### [Work request]
From the line that contains "Lot 6 - BUECHE-GIROD" down to the final line below, please repeat each line exactly and nothing more, with no pictures.

### [Dataset excerpt]
BEGIN
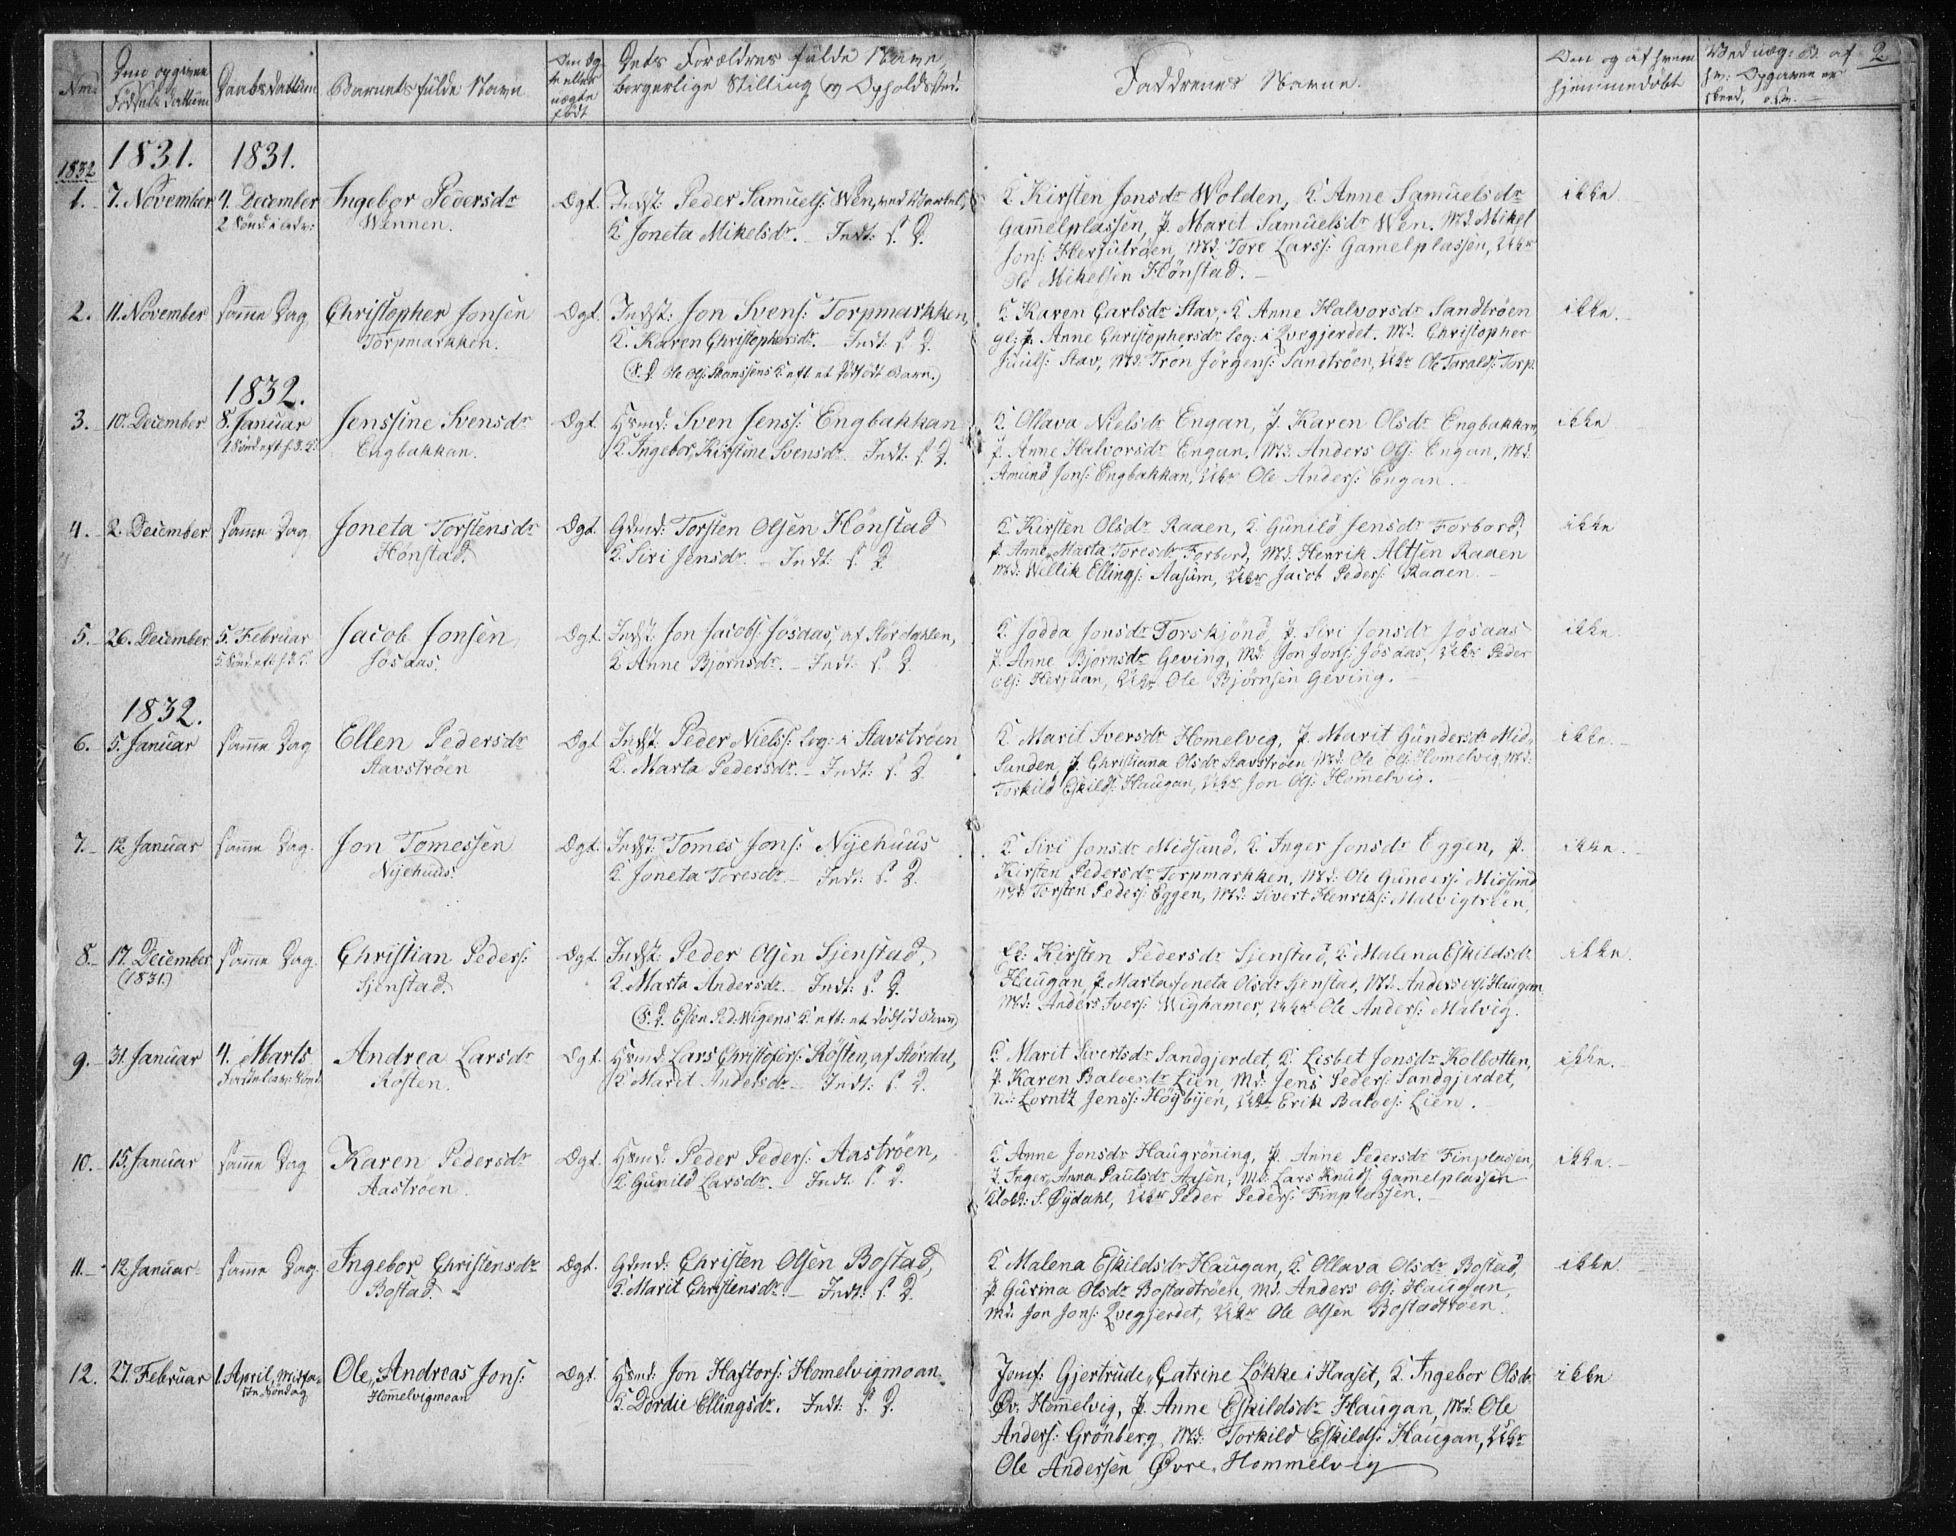 SAT, Ministerialprotokoller, klokkerbøker og fødselsregistre - Sør-Trøndelag, 616/L0405: Ministerialbok nr. 616A02, 1831-1842, s. 2
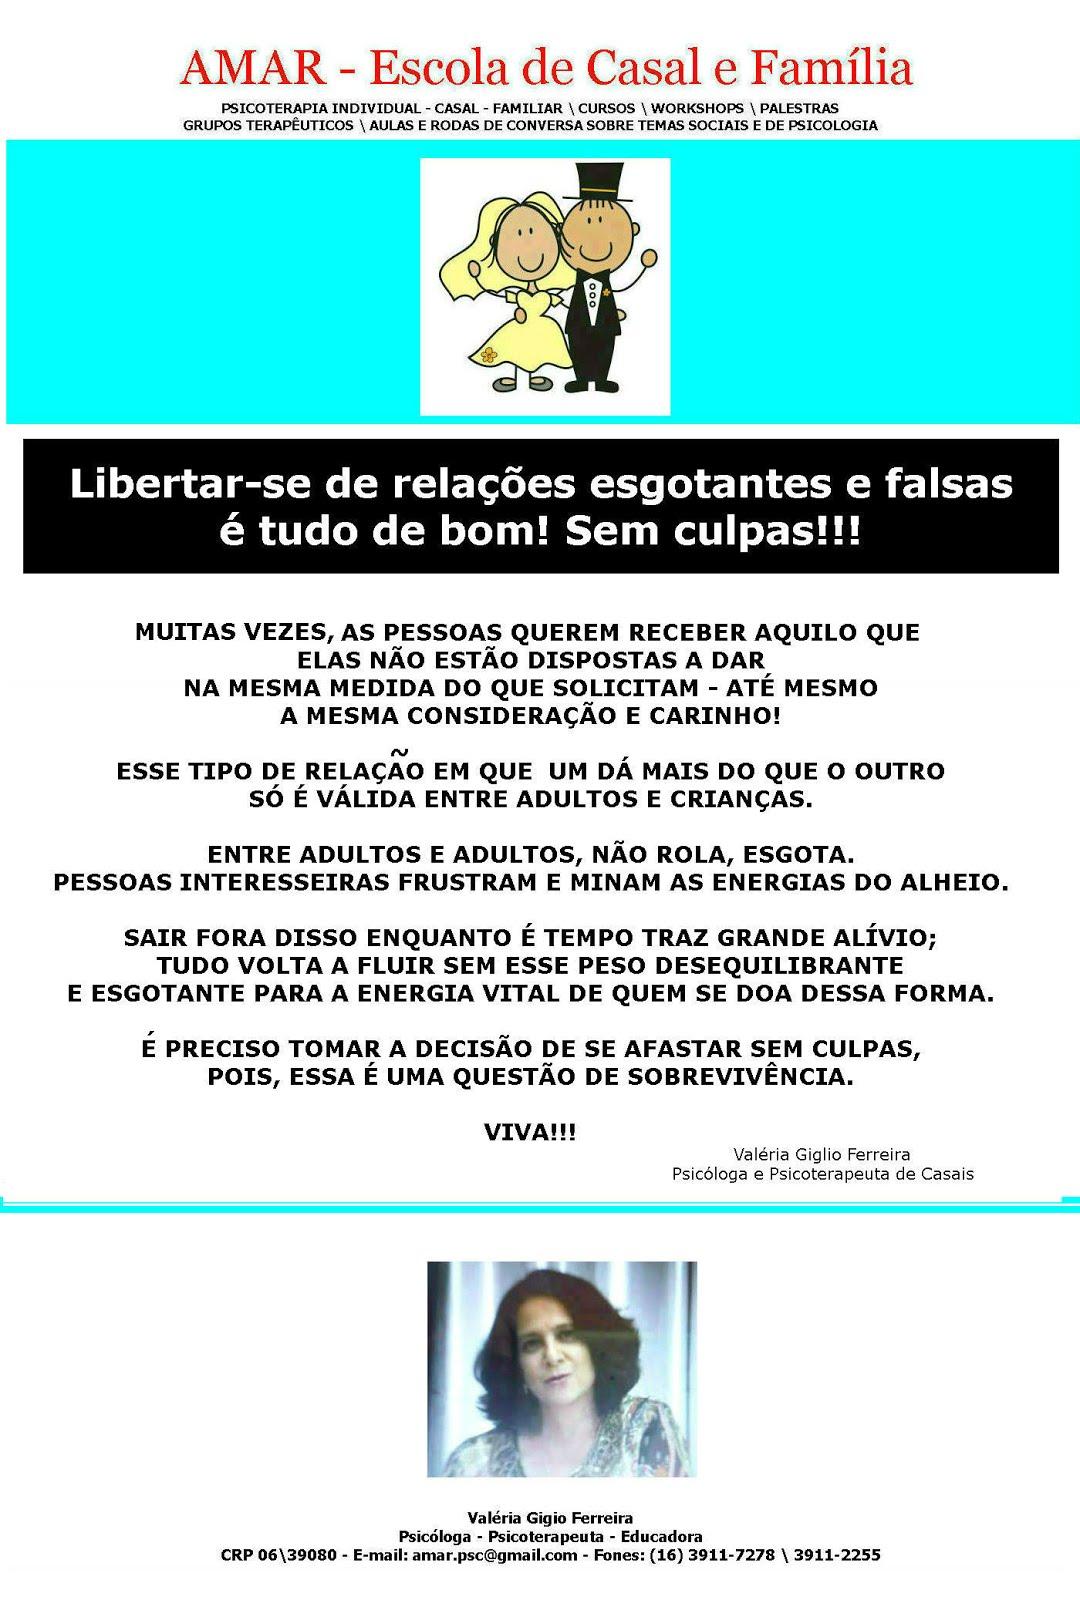 LIBERTE-SE DE RELAÇÕES ESGOTANTES, INTERESSEIRAS E FALSAS.
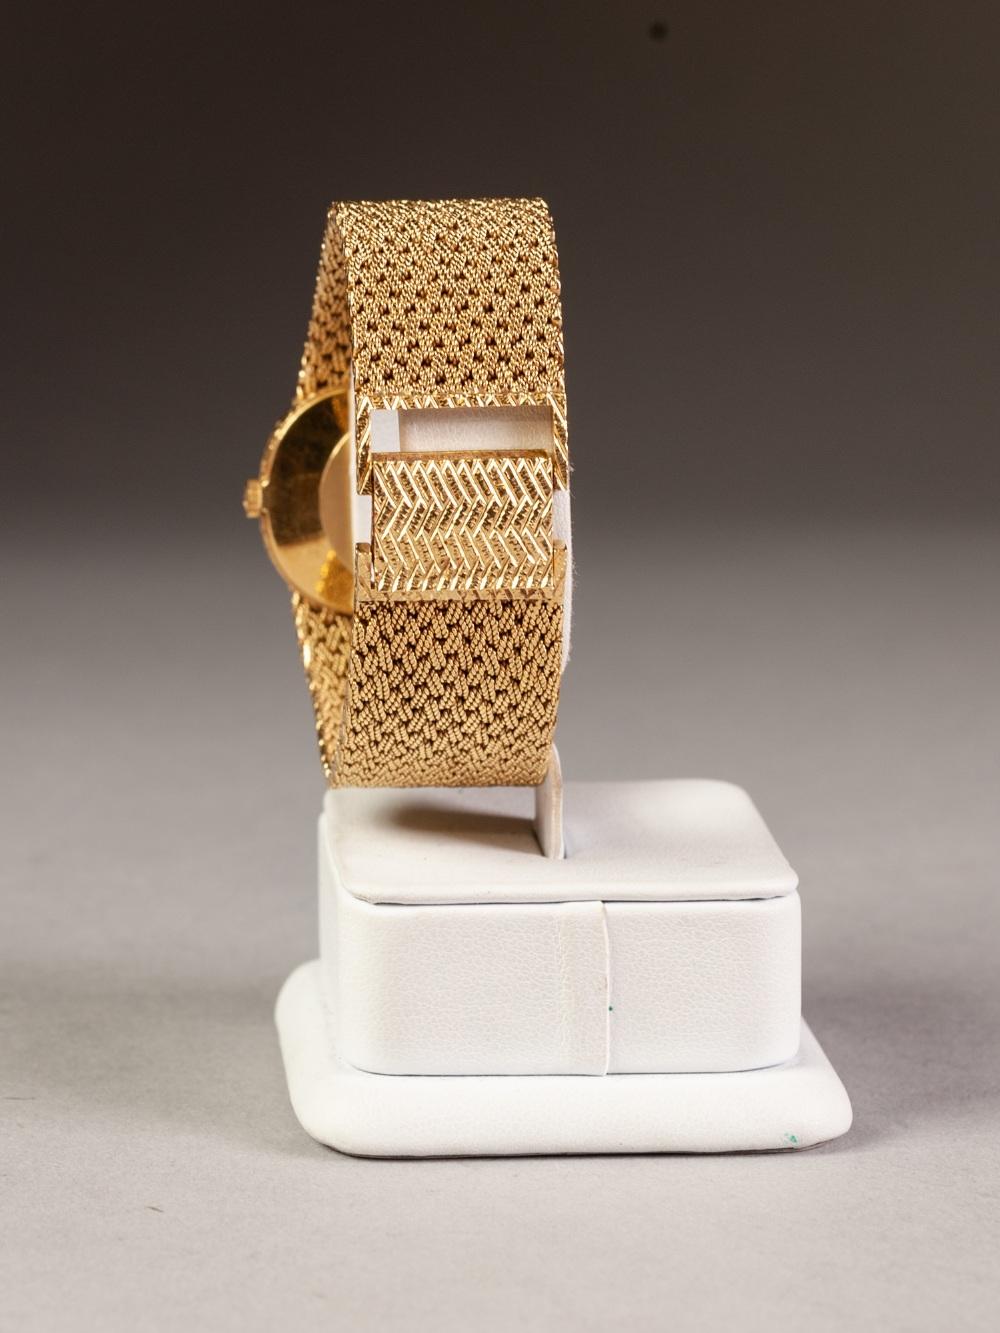 Lot 6 - BUECHE-GIROD 18CT GOLD CASED GENTLEMAN'S WRISTWATCH on integral braided bracelet, hallmarked
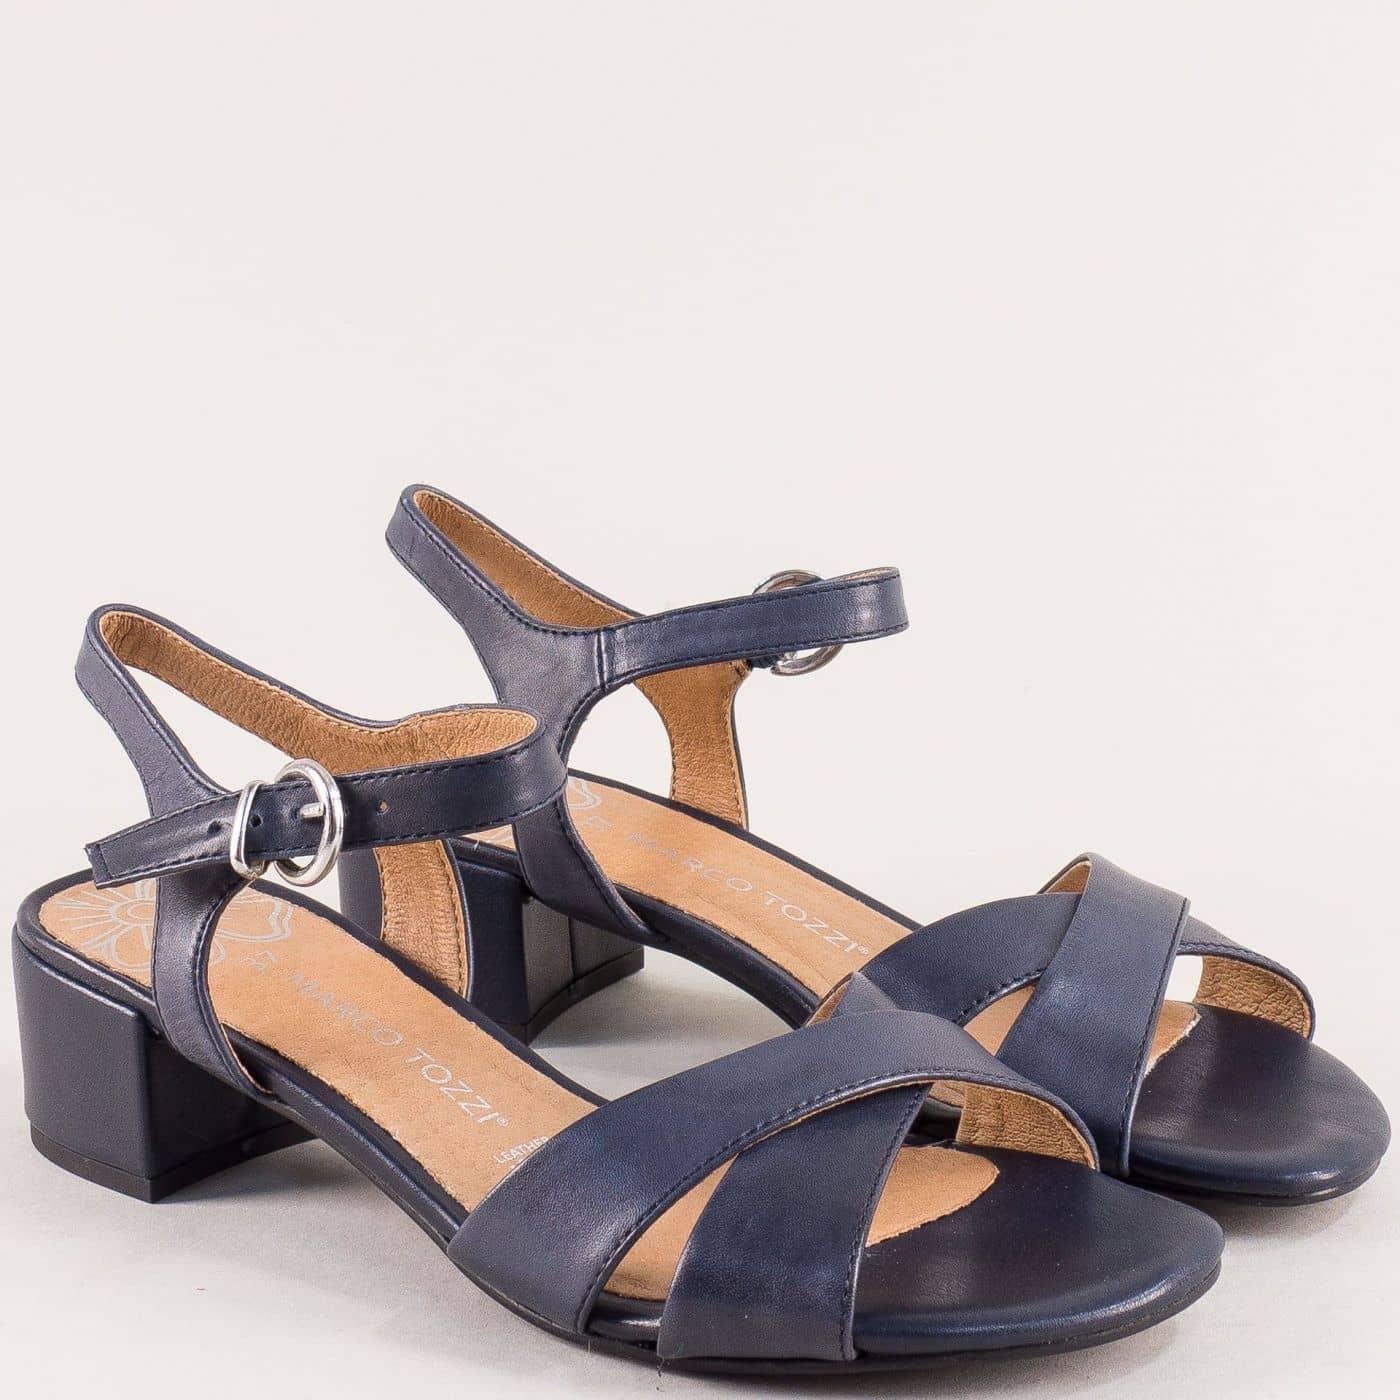 7b5082a57e8 Сини дамски сандали на нисък ток от естествена кожа 228216s - Sisi-bg.com
END
### [Task solution]
 Lot 6 - BUECHE-GIROD 18CT GOLD CASED GENTLEMAN'S WRISTWATCH on integral braided bracelet, hallmarked
 7b5082a57e8 Сини дамски сандали на нисък ток от естествена кожа 228216s - Sisi-bg.com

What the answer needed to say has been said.